In the mean time the attention of Peter was called off, in a great measure, from the English war, by a new enemy, that had made a formidable attack upon his dominions. Bajazet, Emperor of the Turks, an old enemy of the Czar's, thought this a fair opportunity to recover Crim Tartary, which the Russian Monarch had conquered from him in the last war; in this situation he listened, with pleasure, to the remonstrances of the English Ambassador, who left no stone unturned that could engage the Emperor in the war. Bajazet thought the moment so fair, when Peter was engaged in a most expensive war with Great Britain, that the Grand Visier, Selim, at the head of two hundred thousand men marched into Russia. The Czar collected his forces to oppose this inundation of Turks; and just as the two armies were beginning the war, the Russian fleet of near one hundred sail of the line appeared in the Channel.

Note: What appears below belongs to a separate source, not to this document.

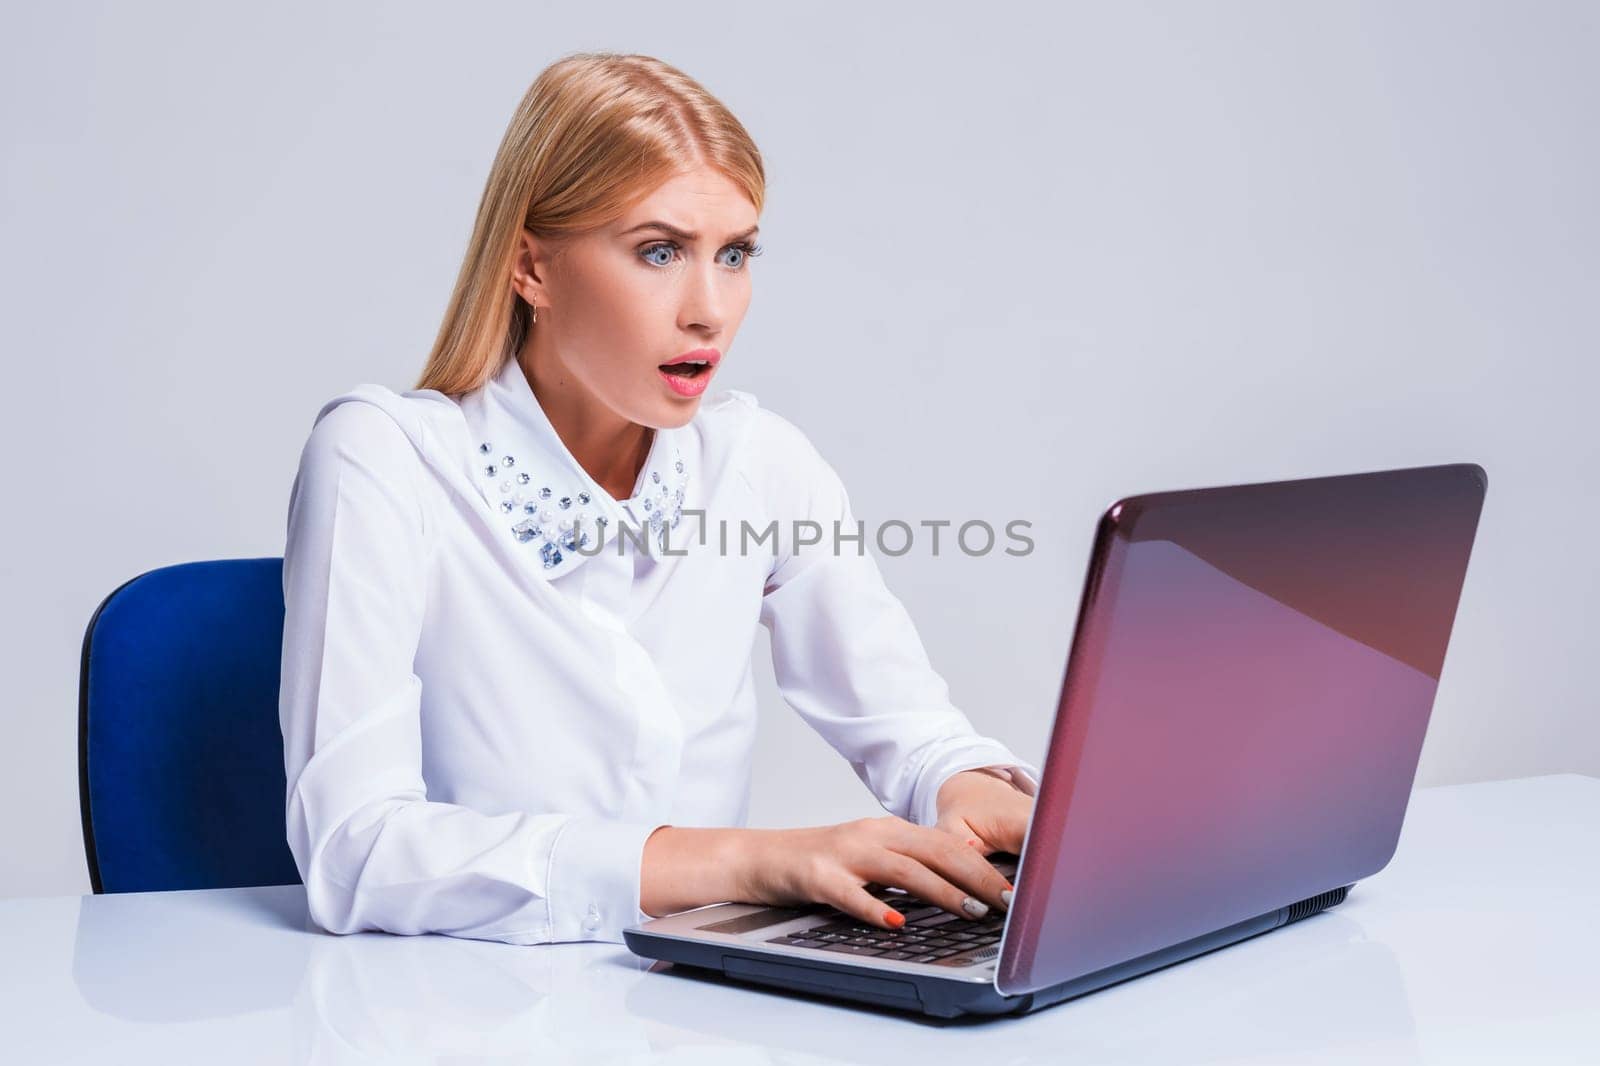 Young businesswoman working at laptop computer. pleasantly surprised dissatisfied girl
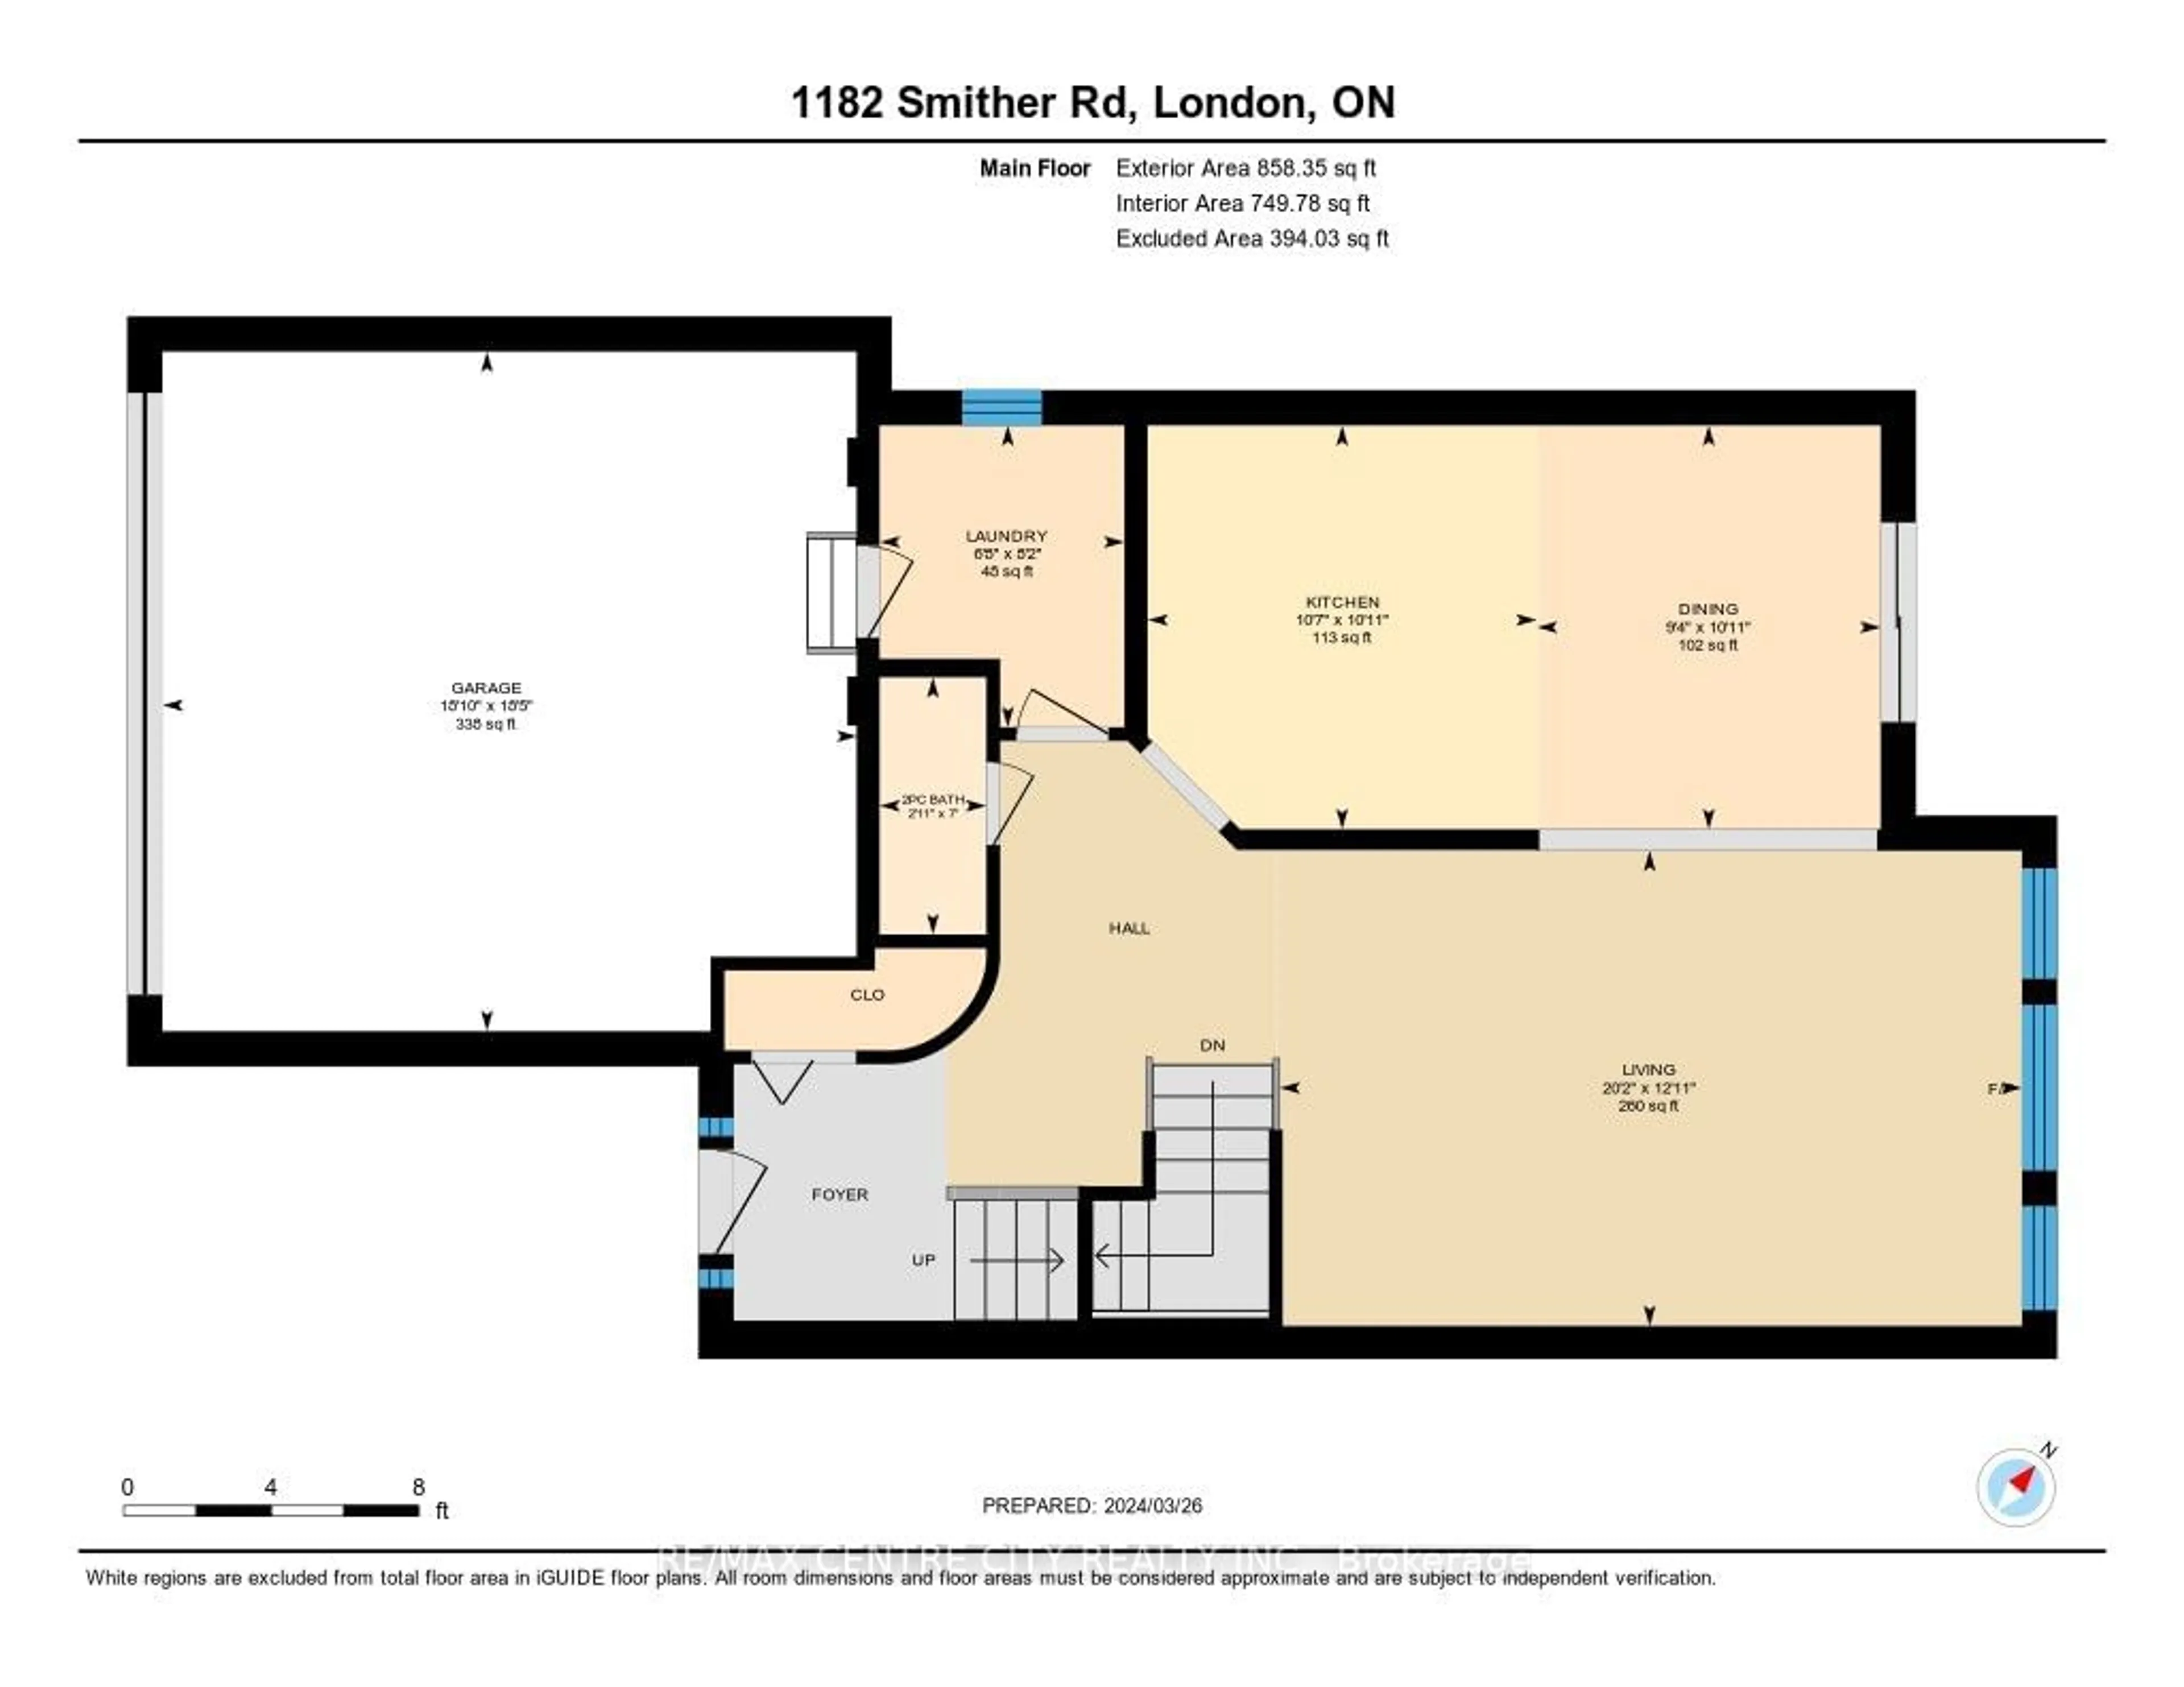 Floor plan for 1182 Smither Rd, London Ontario N6G 5R8

The British fleet, under the Duke of Grafton, (who, though he had sometimes met with ill success, was one of the greatest Admirals Britain had ever produced) was about equal in force to that of the Russians. It was not long before the two Admirals found an opportunity to engage. It would be tedious to give the particulars of this furious battle, it lasted a whole day without being decisive; the Russians lost five ships of the line, and the English four; if any thing, the advantage was for the latter; but before morning the two fleets parted, and, the wind blowing a violent storm for the two next days, nineteen Russian men of war were driven ashore on the coast of Norfolk, and were there burnt; the English lost only two, but had several dismasted.
This stroke secured to George his superiority at sea. This navy was so powerful that the French fleets were blocked up in their ports, and were not strong enough to look the English in the face; so that Charles now saw all his hopes blasted, and the King of England at the head of a victorious army ready to march to Paris itself. In this critical situation he determined to sue for peace. George, whose conduct was guided by justice not inordinate ambition, readily listened to the proposal. He appointed Ambassadors to meet those of France at Beauvais, where a peace was soon agreed to; the Czar sent an Ambassador on his part, so it became general between the three nations. The principal article was, That Charles should cause to be paid to the King of Great Britain two millions of pounds sterling; for the expences of the war, at three equal payments, six months between each. The treaty being signed by the two Monarchs and the Russian Ambassador, George withdrew his forces out of France, and evacuated all his conquests.[2]